DATASET EXTRACT>

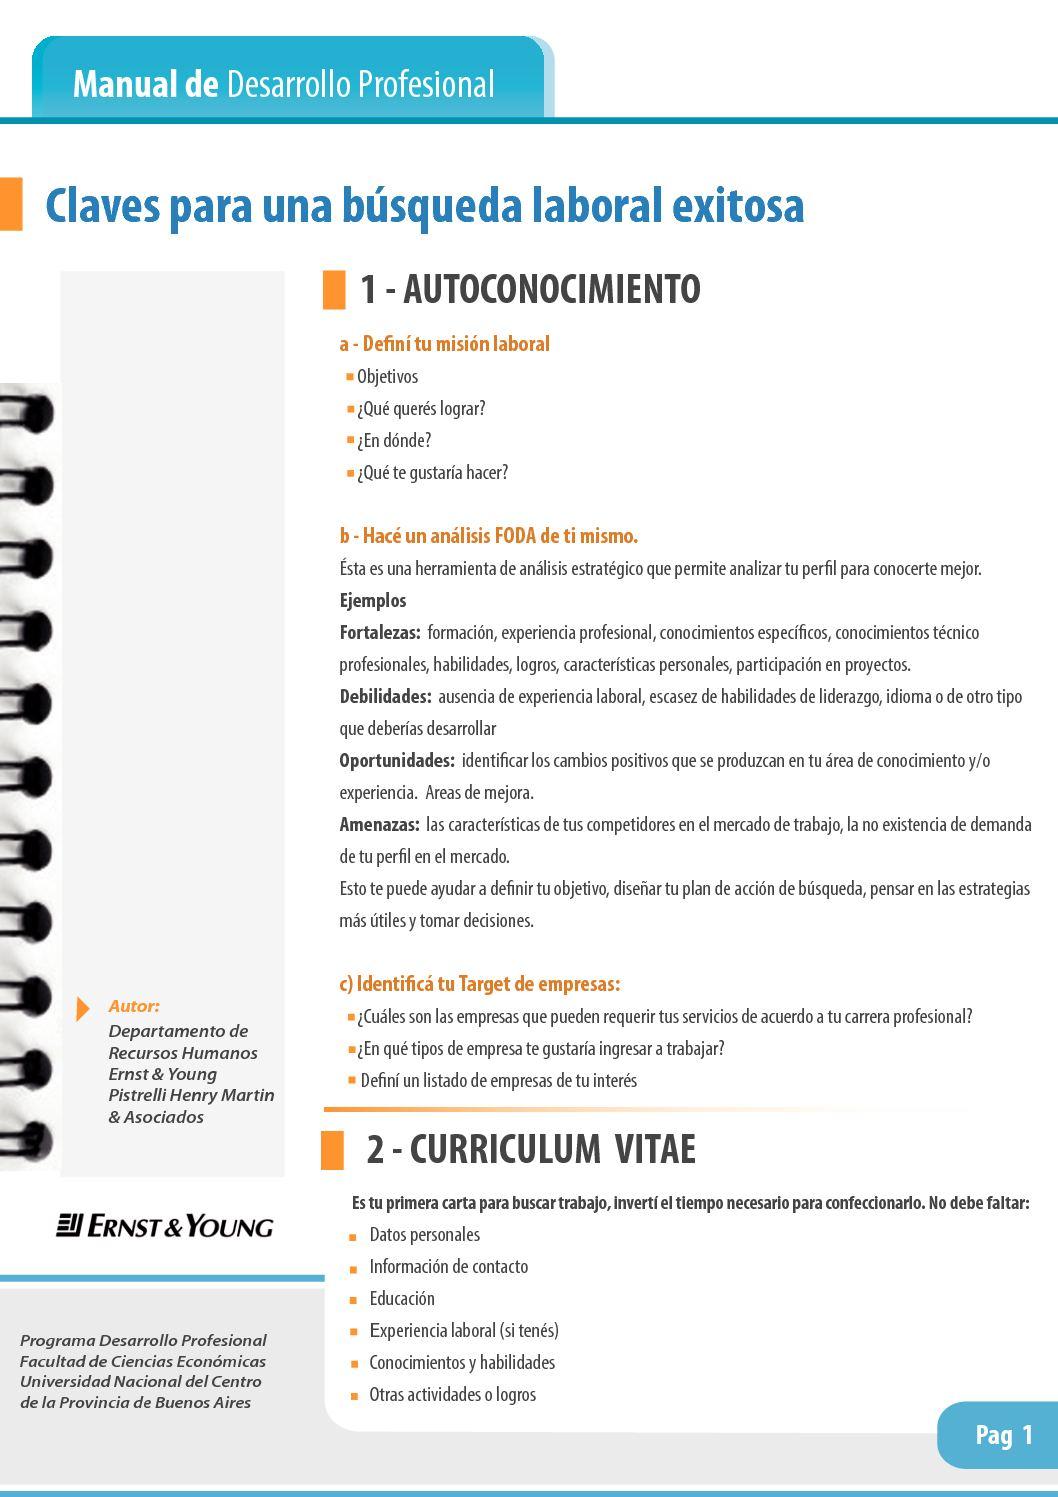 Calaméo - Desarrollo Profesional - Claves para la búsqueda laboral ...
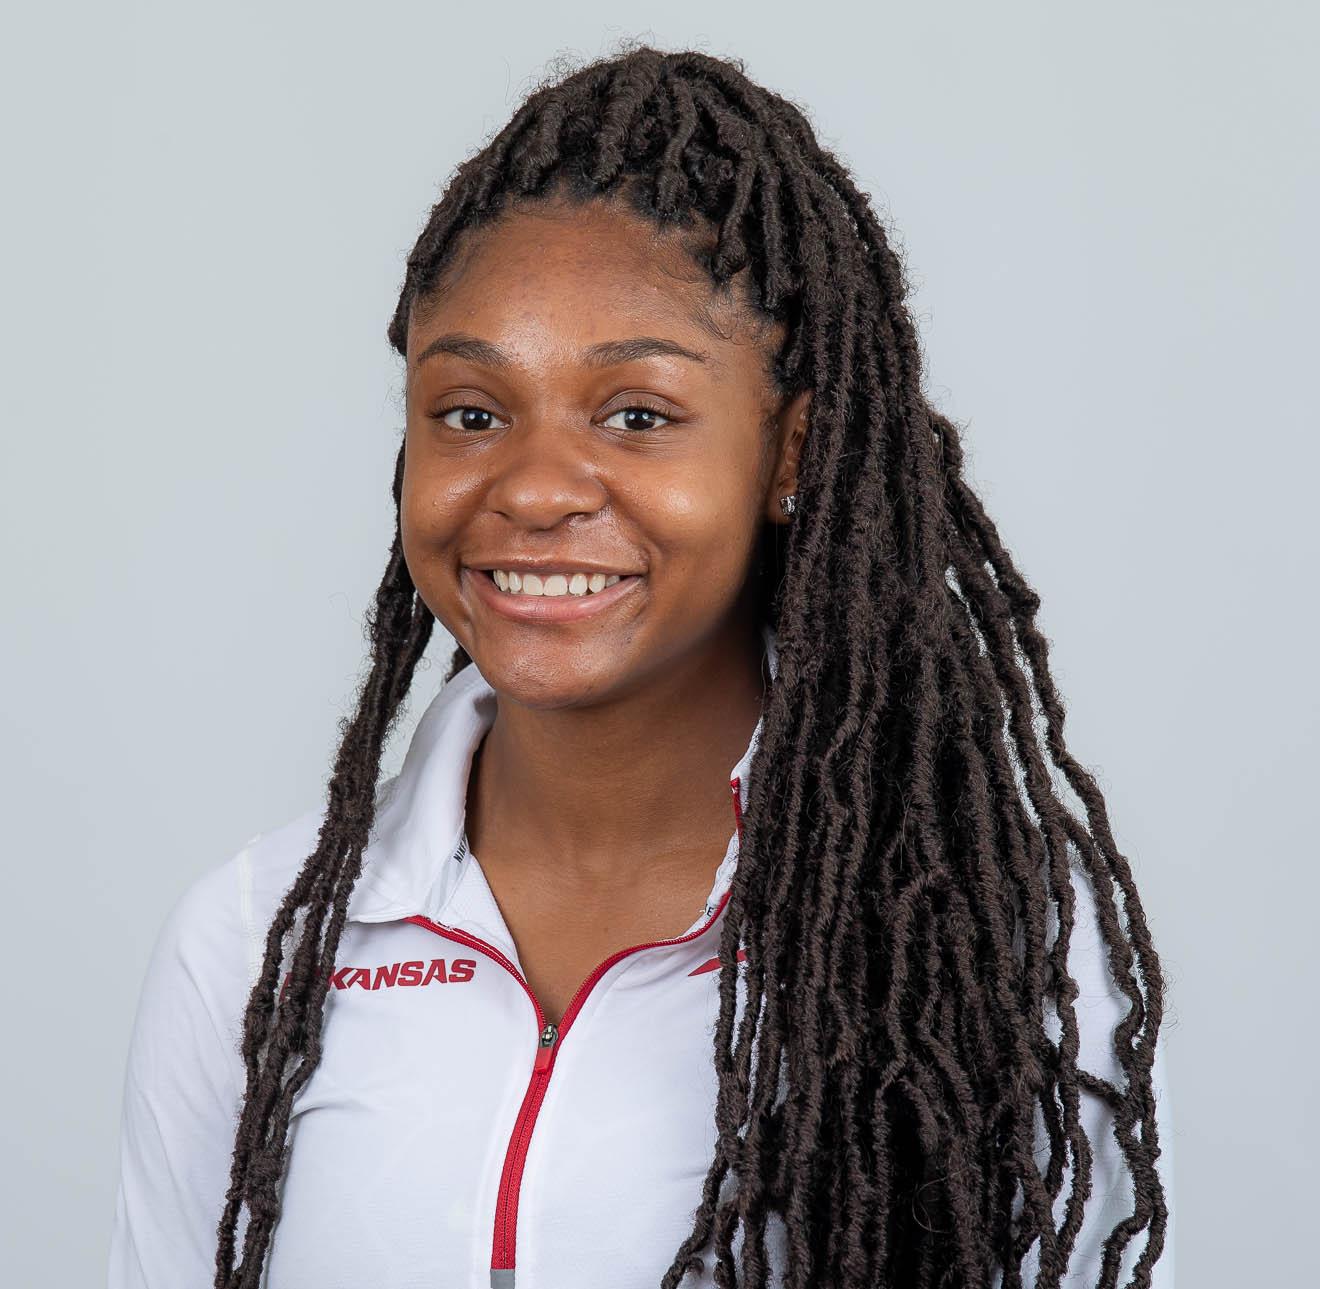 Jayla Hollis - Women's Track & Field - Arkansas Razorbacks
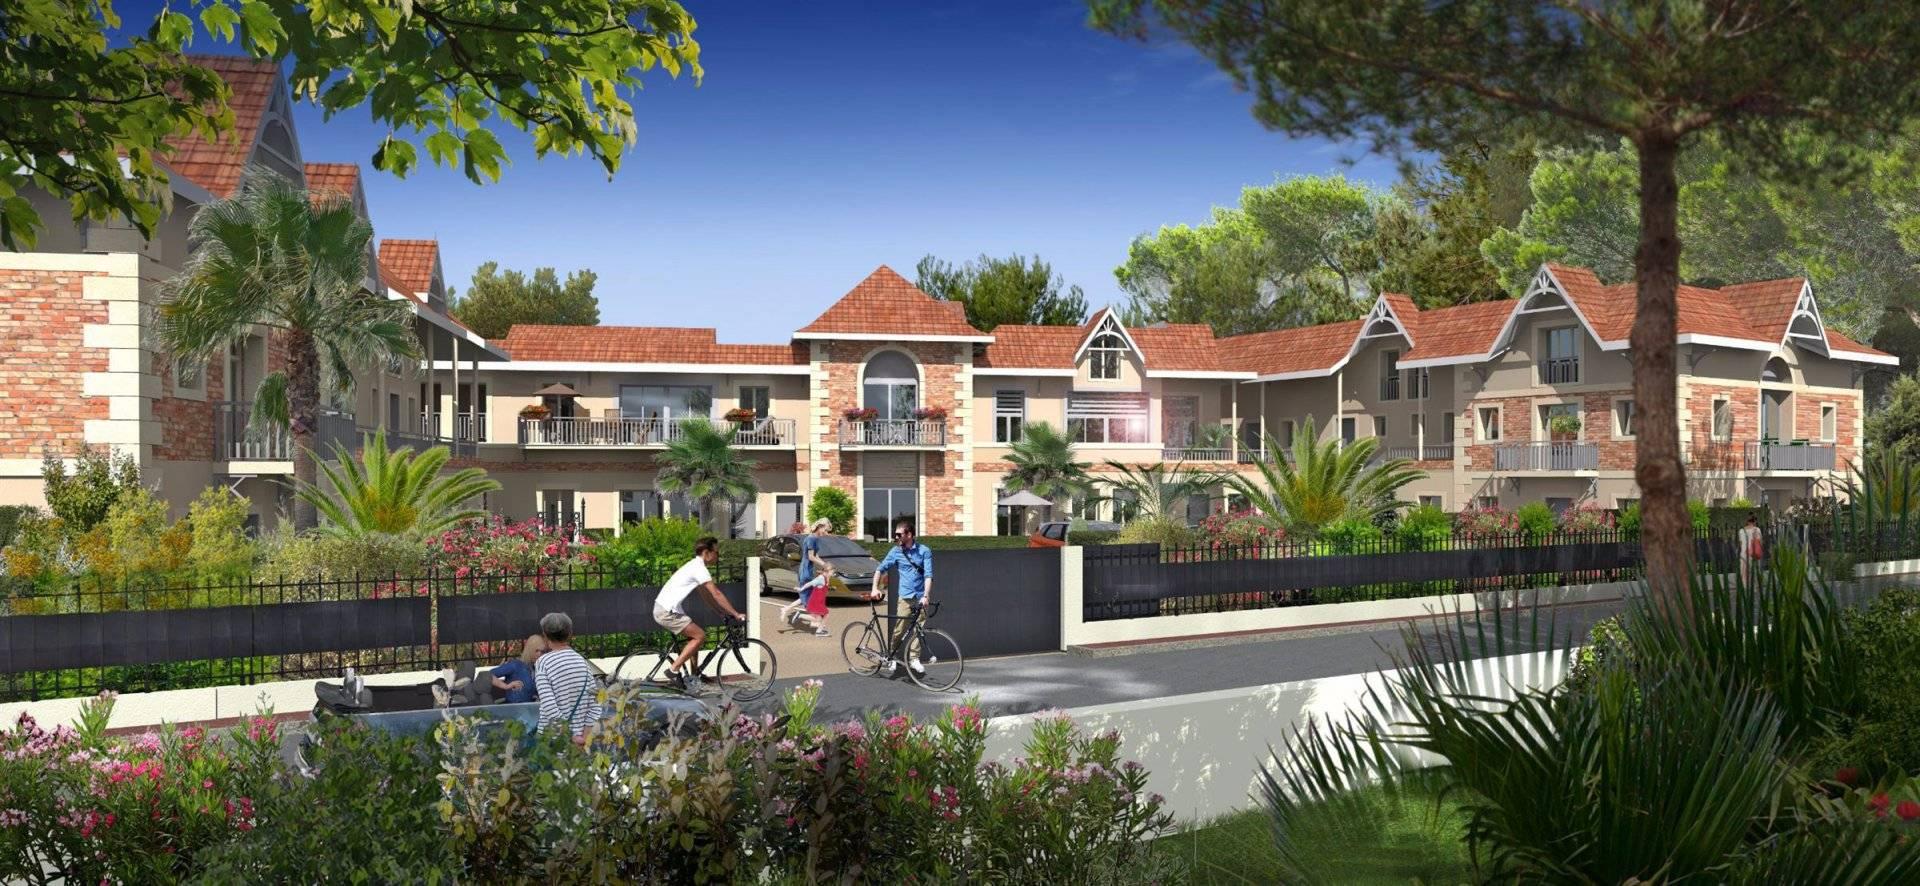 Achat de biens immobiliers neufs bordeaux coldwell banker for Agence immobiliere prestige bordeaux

---

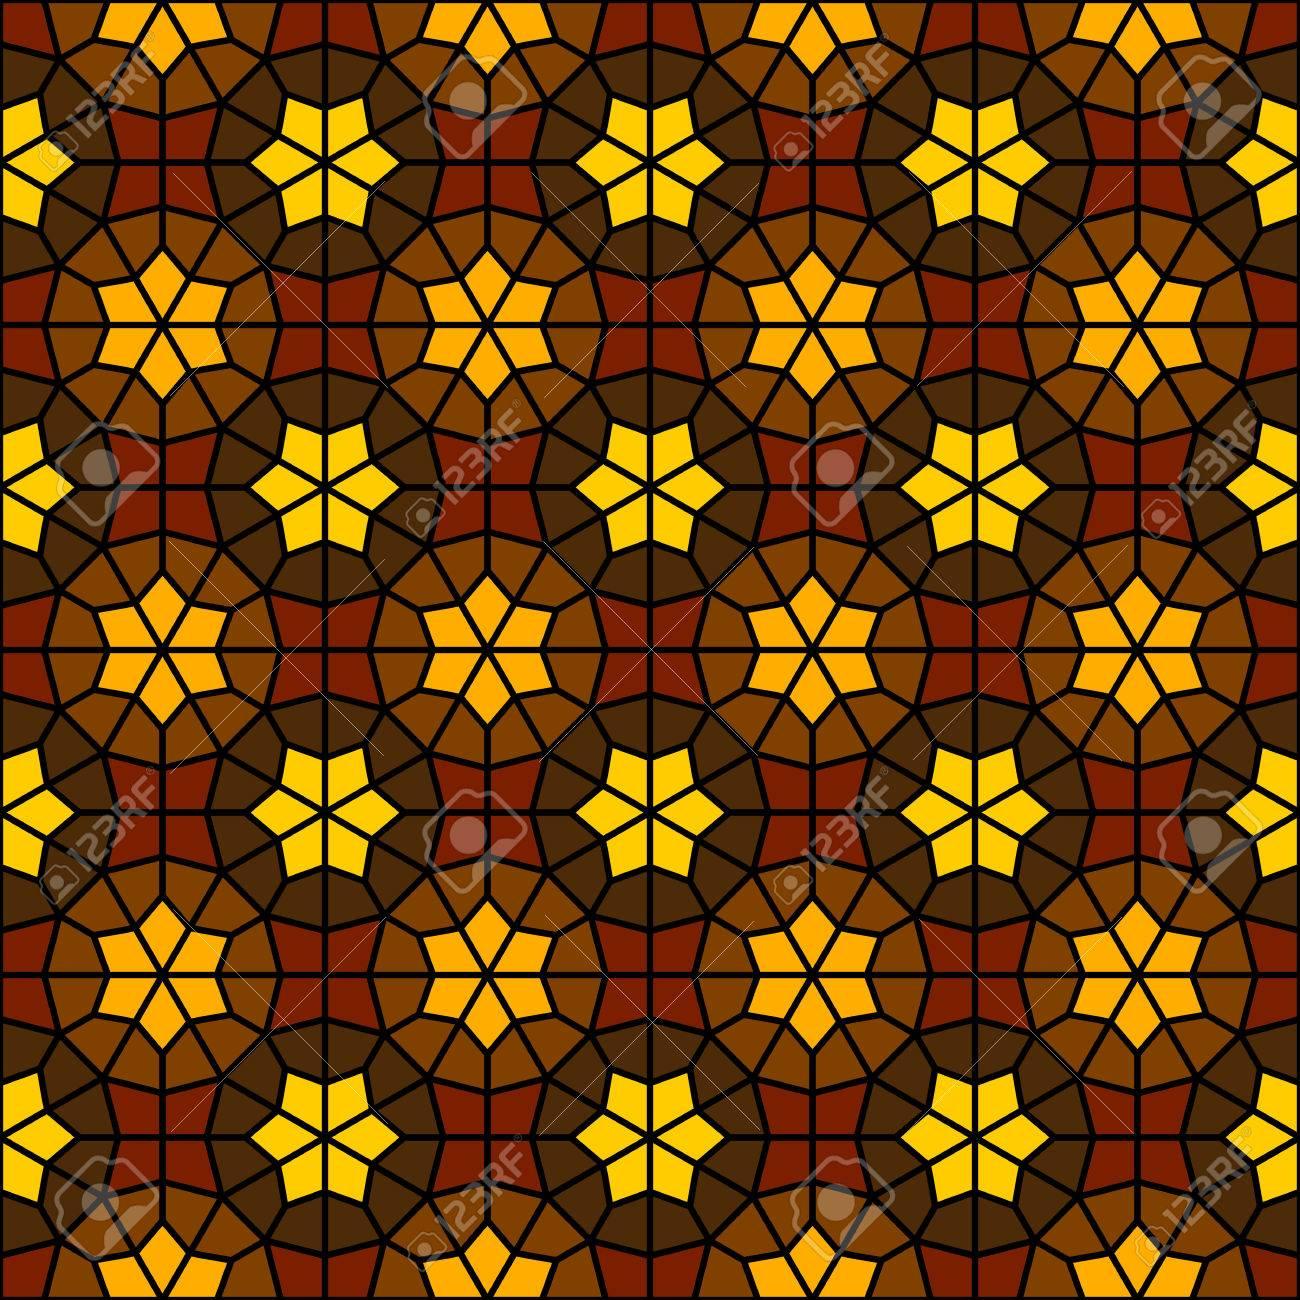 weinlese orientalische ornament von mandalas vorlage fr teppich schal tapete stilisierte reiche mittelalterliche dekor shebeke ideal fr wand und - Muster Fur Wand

TASK REQUIREMENTS> Above are records; write out the lines from the one with "Calaméo - Desarrollo" down to the one with "Achat de biens", exactly, leaving the pictures out.

YOUR RESPONSE>
 Calaméo - Desarrollo Profesional - Claves para la búsqueda laboral ...
 Jayla Hollis - Women's Track & Field - Arkansas Razorbacks
 Achat de biens immobiliers neufs bordeaux coldwell banker for Agence immobiliere prestige bordeaux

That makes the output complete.